The first contribution of this thesis provides a characterization, on a large scale, of the search behavior of young users. The problems they face when they search for information on the web, the topics they searched and the online activities that motivate search were explored in detail and contrasted against the search behavior of adult users. The results presented in this thesis have important implications for the development of search tools for young users and for the design of educational literacy. Two central problems were identified in the search process of young users: (1) difficulty representing the information needs with keyword queries, and (2) difficulty exploring the list of results.

We found that focused queries are often required to access high quality content for young user with modern search engines. However, young users were found to submit queries that lack the specificity needed to retrieve content that is suitable for them, which leads to frustration during the search process. This observation motivates the second contribution of this thesis. We propose novel query recommendation methods to improve the chances of young users to find content that is suitable and on topic. Concretely, we present an effective biased random walk based on informa- tion gain metrics. This method is combined with topical and specialized features designed for the information domain of young users. We show that our query suggestions outperform by a larger margin not only related query recommendation methods but also the query suggestions offered by the search services available today.

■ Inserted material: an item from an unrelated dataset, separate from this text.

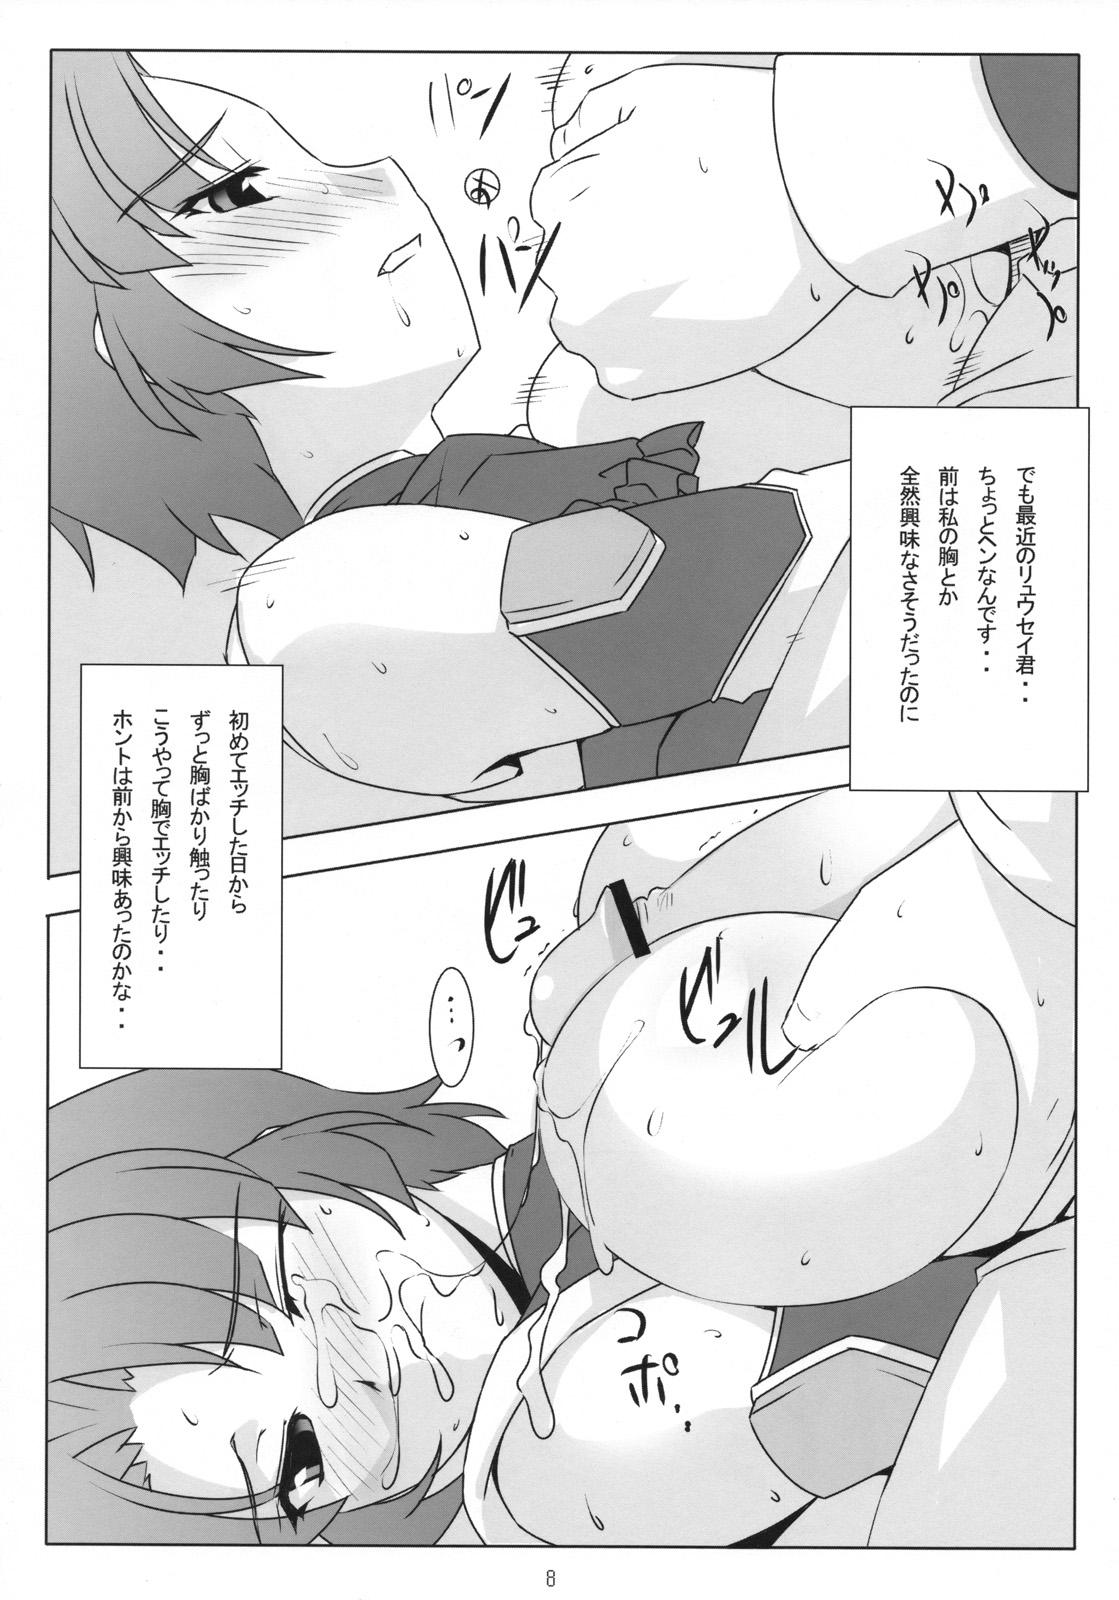 (C71) [NF121 (Midori Aoi)] CHEMICAL SOUP (Super Robot Wars) page 7 full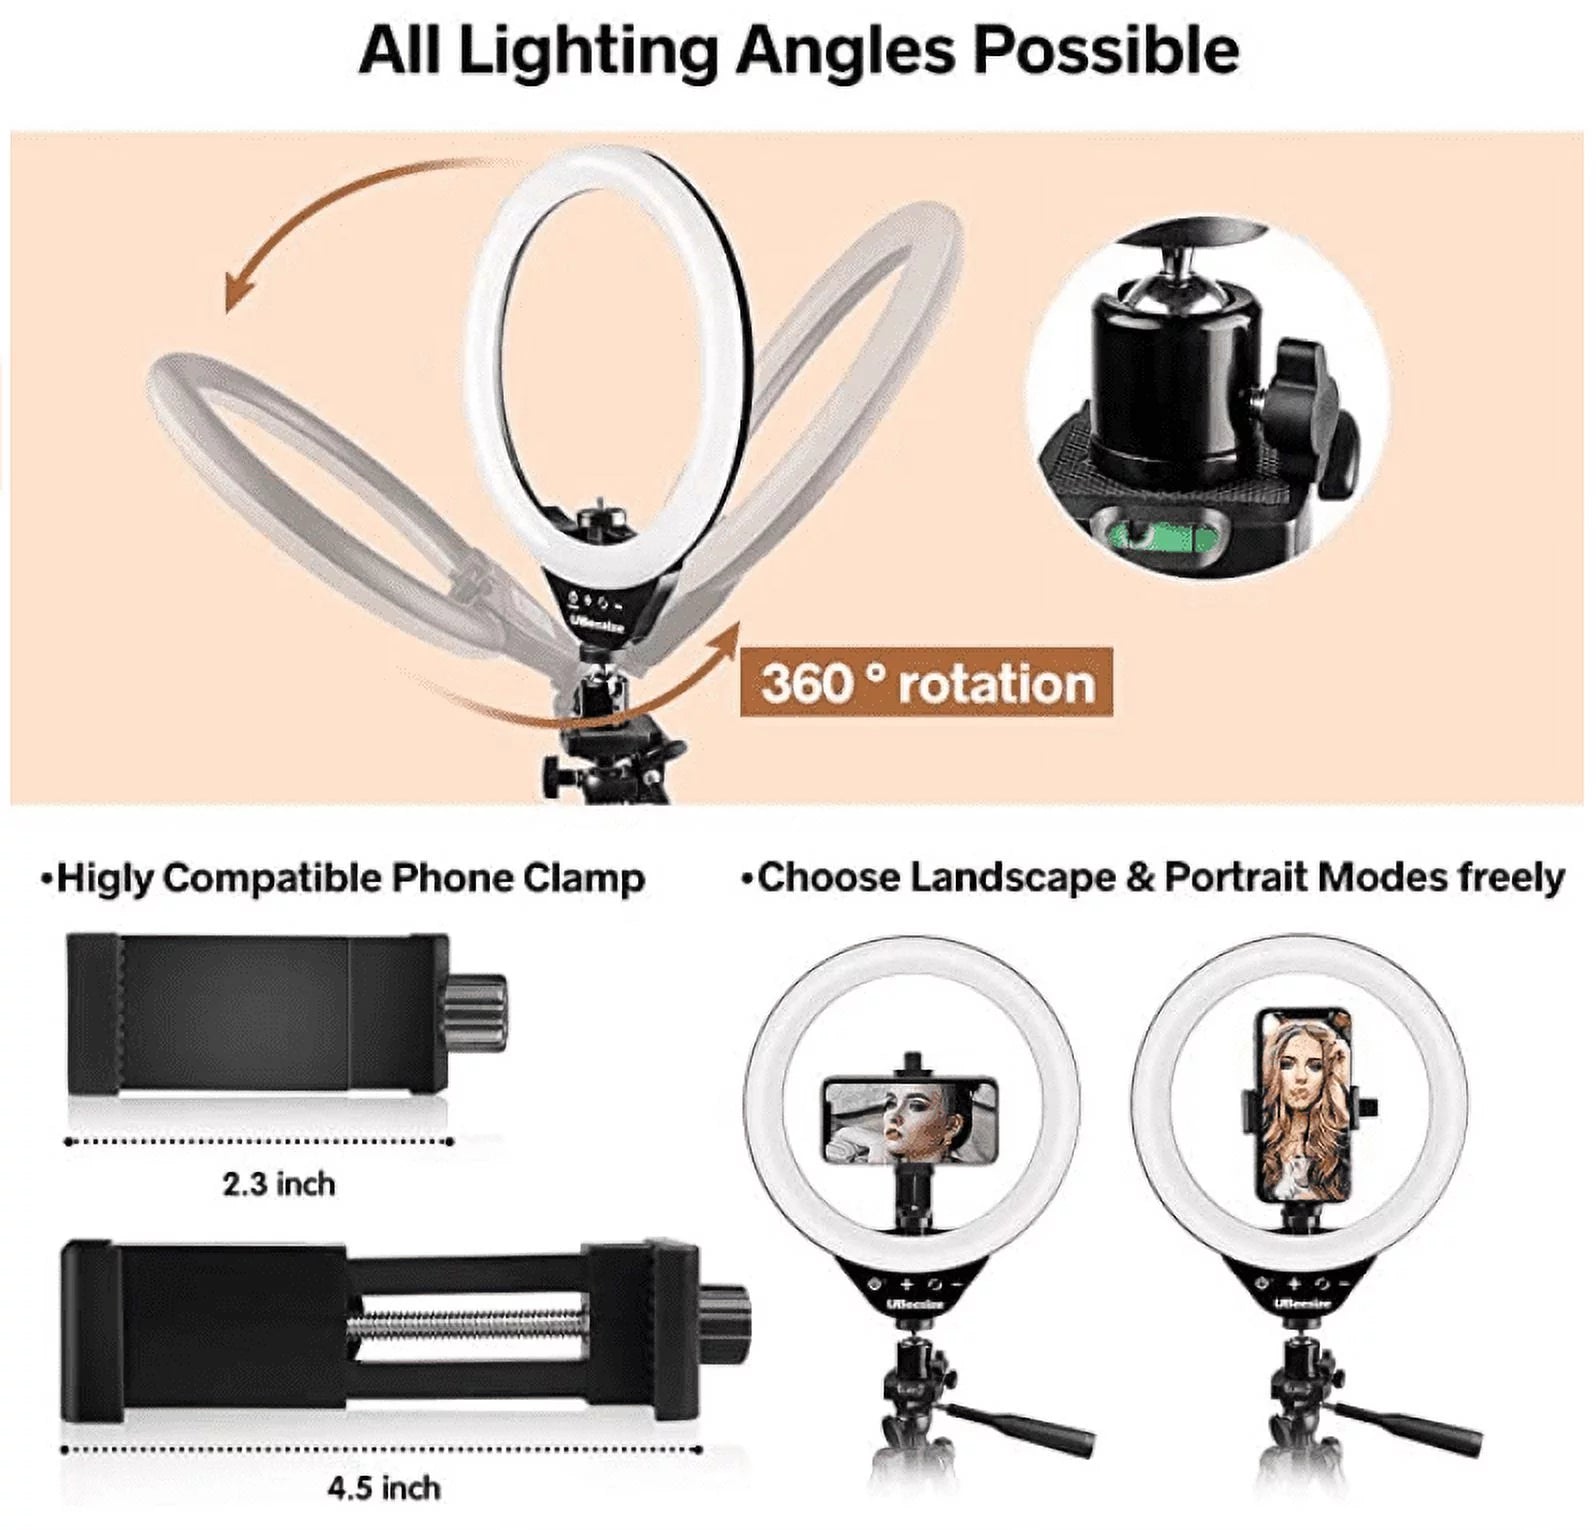 10" LED Ring Light with Stand and Phone Holder, Selfie Halo Light for Photography/Makeup/Vlogging/Live Streaming, Compatible with Phones and Cameras (2020 Version)

In respect to the second difficulty, it was found that young users have a strong click bias, in which results ranked at the bottom of the result list are rarely clicked. This behavior greatly hampers their navigational skills and exploration of results. It also reduces the chances of young users to find suitable information, since appropriate content for this audience is ranked, on average, at lower positions in the result list in comparison to the content aimed at the average web user.

The third contribution of this thesis aims at helping young users to im- prove their chances to find appropriate content and to ease the exploration of results. For this purpose, we envisage an aggregated search system in which parents, teachers and young users add search services with con- tent of interests for young audiences. We propose a test collection with a wide number of verticals with moderated content, a carefully selected set of search queries and vertical relevant judgments. We also provide novel methods of vertical selection in this information domain based on social media and based on the estimation of the amount of content that is appropriate for young users in each vertical. We show that our methods outperform state-of-the-art vertical selection methods in this information domain. We also show in a case study with children aged 9 to 10 years old that result pages derived from the collection proposed are preferred over the result pages provided by modern search engines. We provide evidence showing that the interaction and exploration of results are improved with result pages built using this collection, even if the users of this case study were unaware between the differences between the types of pages displayed to them.

This thesis is concluded by providing concrete follow-up research directions and by suggesting other information domains that can potentially benefit from the methods proposed in the thesis. My thesis is available online here.

Analysis of Search and Browsing Behavior of Young Users on the Web

by Sergio Duarte Torres, Ingmar Weber and Djoerd Hiemstra 

In this journal paper we expanded the study presented in paper What and How Children Search on the Web in two directions. Firstly, We provide a more detailed analysis of the topics that are searched by children on a state-of-the-art search engine by using novel classification based on fine-grained topics derived from the categories of the Yahoo! Answers service. The findings obtained through this analysis allow us to provide concrete recommendations for the development of modern IR systems for young users in specific age ranges.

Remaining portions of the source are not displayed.